This joint resolution disapproves the Office of the Comptroller of the Currency's rule regarding the review of applications under the Bank Merger Act.
John Kennedy
Senator
LA
This joint resolution expresses Congress's disapproval of a recent rule issued by the Office of the Comptroller of the Currency (OCC) concerning the review of applications under the Bank Merger Act. By invoking the Congressional Review Act, this measure nullifies the specific OCC regulation regarding bank mergers. If enacted, the disapproved rule will have no legal force or effect.
| Party | Total Votes | Yes | No | Did Not Vote |
|---|---|---|---|---|
Democrat | 258 | 1 | 252 | 5 |
Independent | 2 | 0 | 2 | 0 |
Republican | 273 | 271 | 0 | 2 |
This Joint Resolution is Congress using its biggest procedural hammer—the Congressional Review Act (CRA)—to swat down a specific new regulation issued by the Office of the Comptroller of the Currency (OCC). Essentially, the OCC, which is the federal agency that regulates national banks, recently finalized a rule about how they review applications under the Bank Merger Act. This resolution says, "Nope, we don't like that rule," and ensures that the OCC’s specific regulation (published in the Federal Register at 89 Fed. Reg. 78207) will have zero legal effect. This is a direct, procedural override, wiping the rule off the books as if it never happened.
Think of the OCC’s rule as a new set of instructions for bank mergers—maybe changing the criteria for approval, the speed of review, or the level of public input. When Congress passes this resolution, it’s hitting the administrative reset button. For financial institutions planning a merger, this means they won’t be dealing with the OCC’s new rules; they’ll revert to the previous framework for how these applications are reviewed. This matters because the rules of the road for mergers dictate everything from competition in local markets to how quickly a deal can close. If you’re a small business owner relying on a community bank, the speed and standards of mergers can directly affect your access to credit and the fees you pay.

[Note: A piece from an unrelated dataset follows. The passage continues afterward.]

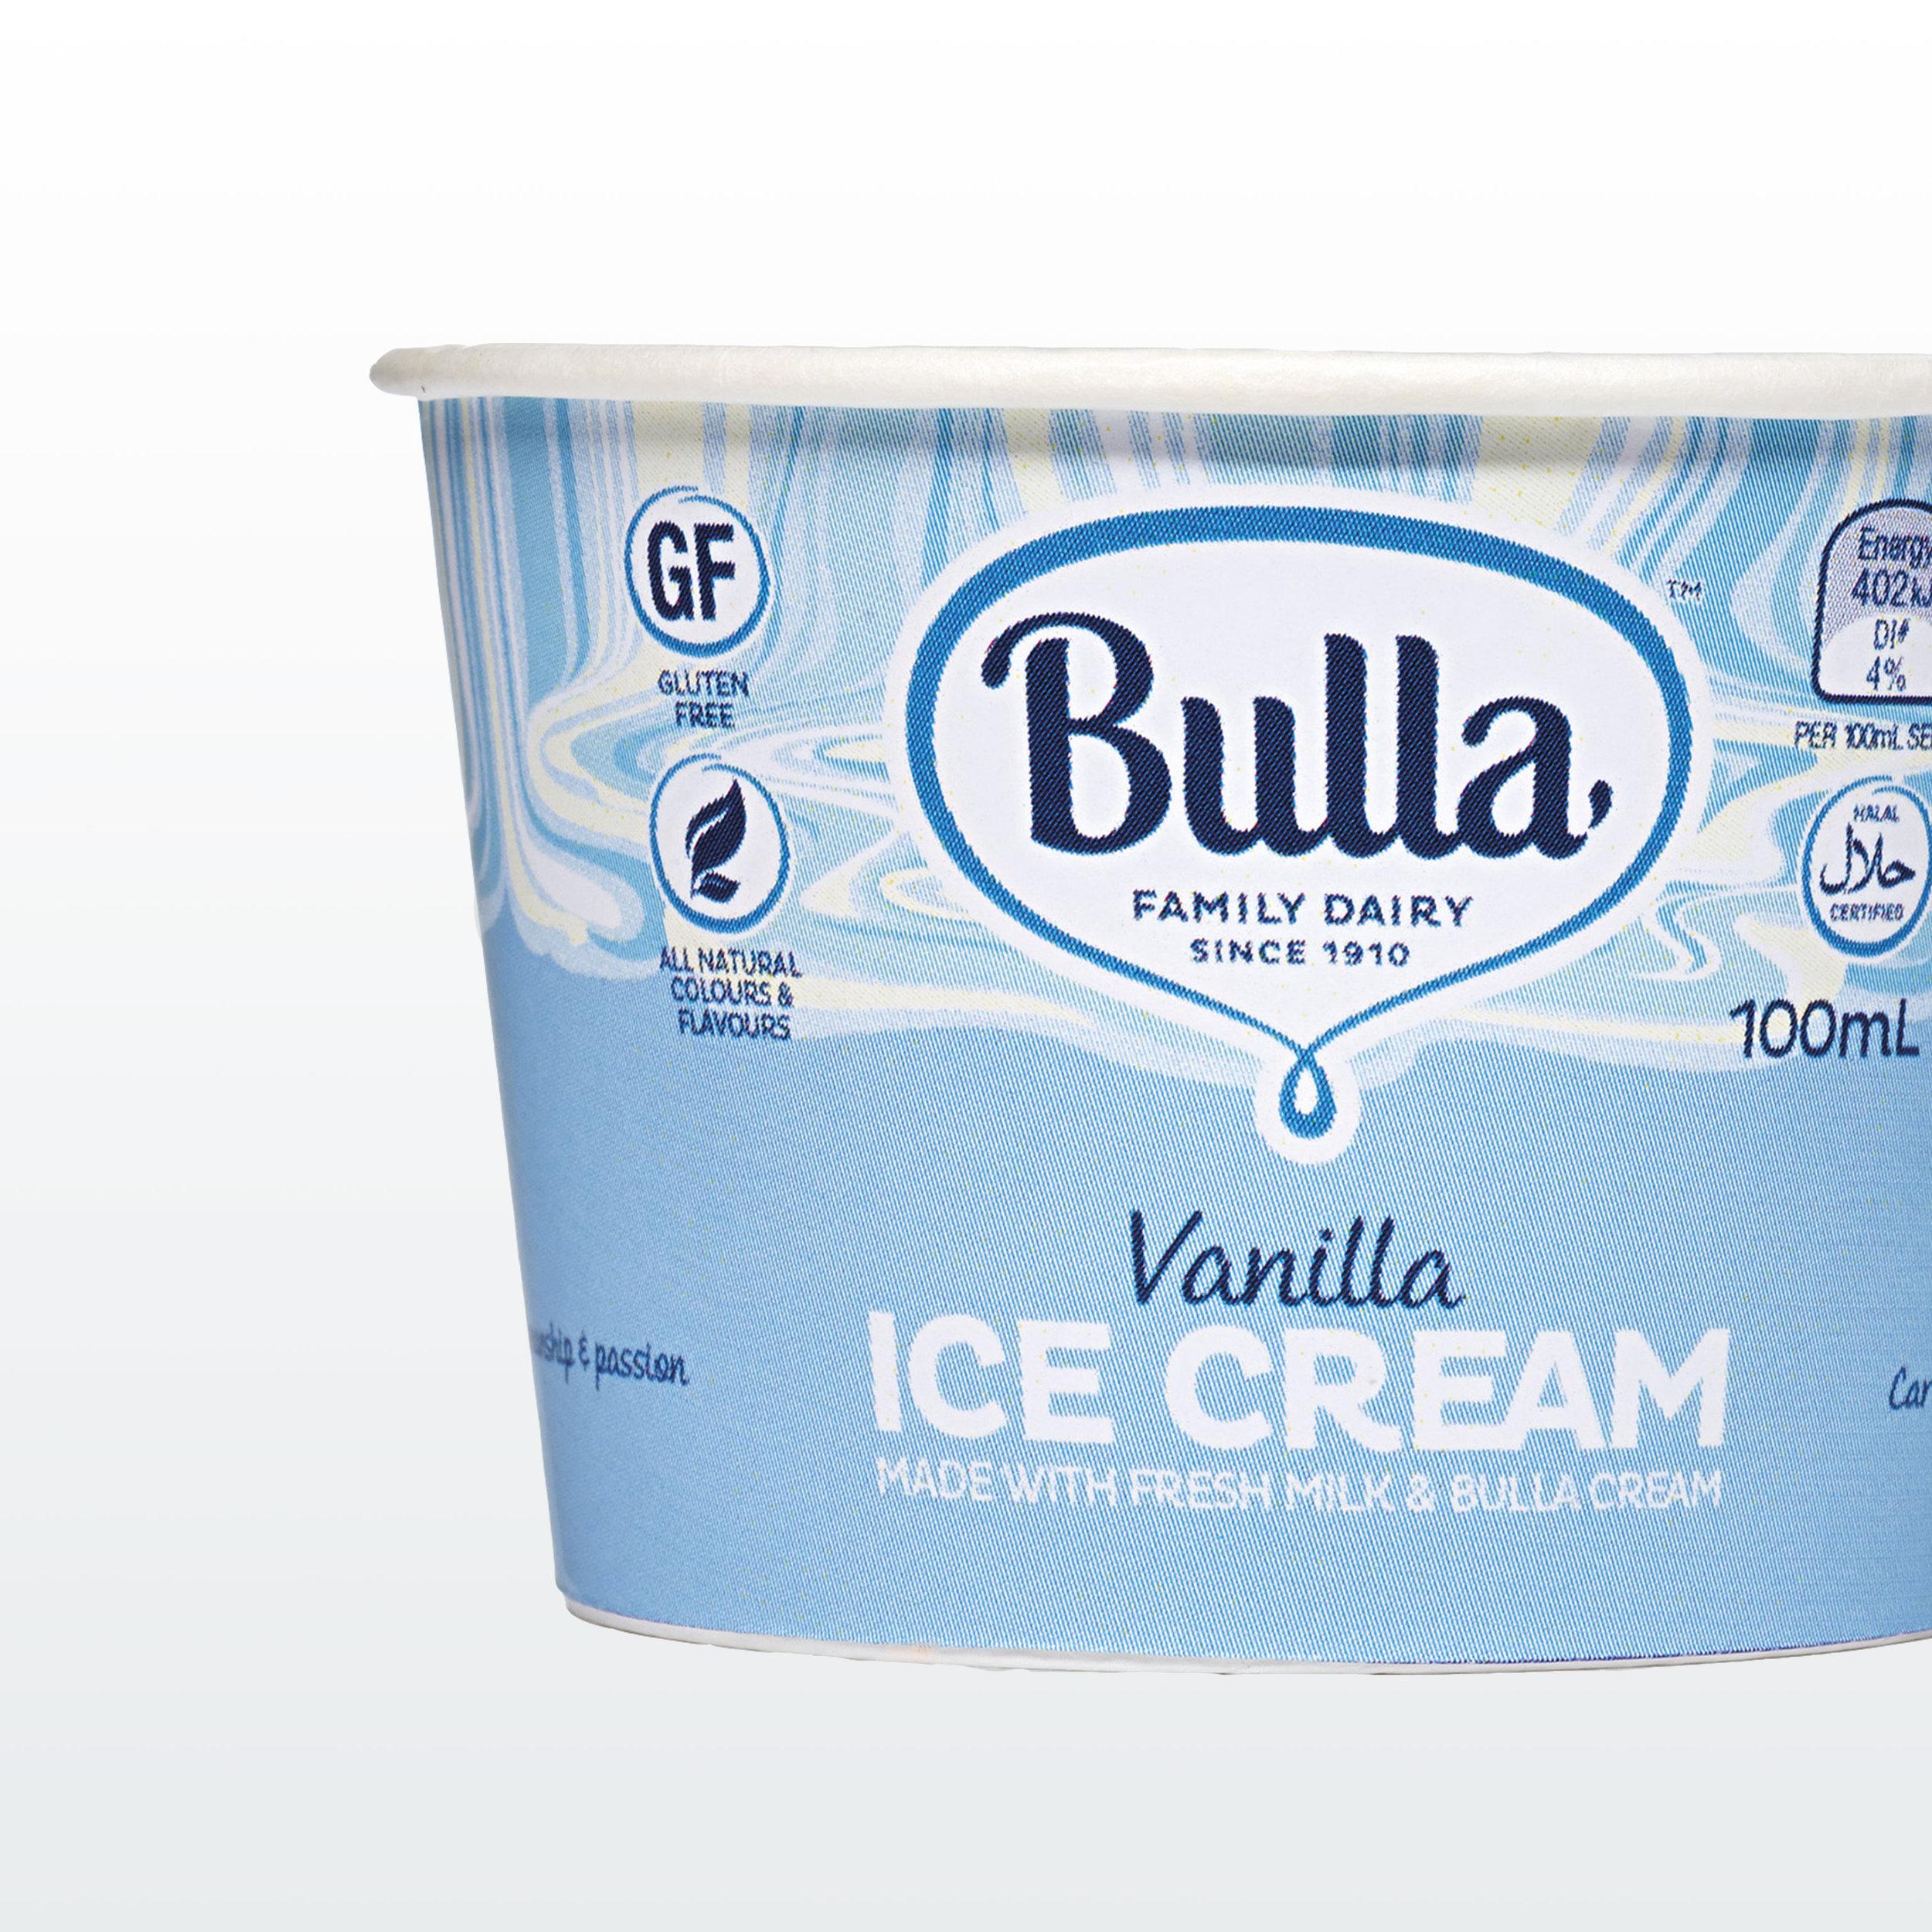 Bulla ice cream

While this seems like inside baseball for regulators and bankers, the standards for bank mergers affect the entire financial ecosystem. When two banks merge, it can change the competitive landscape. For instance, if the OCC’s now-nullified rule was designed to make mergers easier, its rejection means the process remains more stringent, potentially preventing some larger banks from gobbling up smaller ones. If you live in a rural area, fewer mergers often mean more local banks competing for your business, which can translate into better savings rates or lower loan costs. The congressional action here is a strong signal that Congress wants to retain the existing, likely more cautious, approach to approving these high-stakes deals.
This resolution is a prime example of Congress exercising its oversight power over the executive branch and its agencies. The CRA allows Congress to review and disapprove new federal regulations within a certain timeframe. By using it here, Congress is asserting that the OCC overstepped or simply got the policy wrong regarding bank merger review standards. The immediate practical challenge is for the OCC itself: they lose the ability to implement their preferred new standards and are now blocked from issuing any substantially similar rule in the future without specific legislative authorization. This keeps the existing merger review framework firmly in place, ensuring stability—or perhaps stagnation—depending on your perspective on the current rules.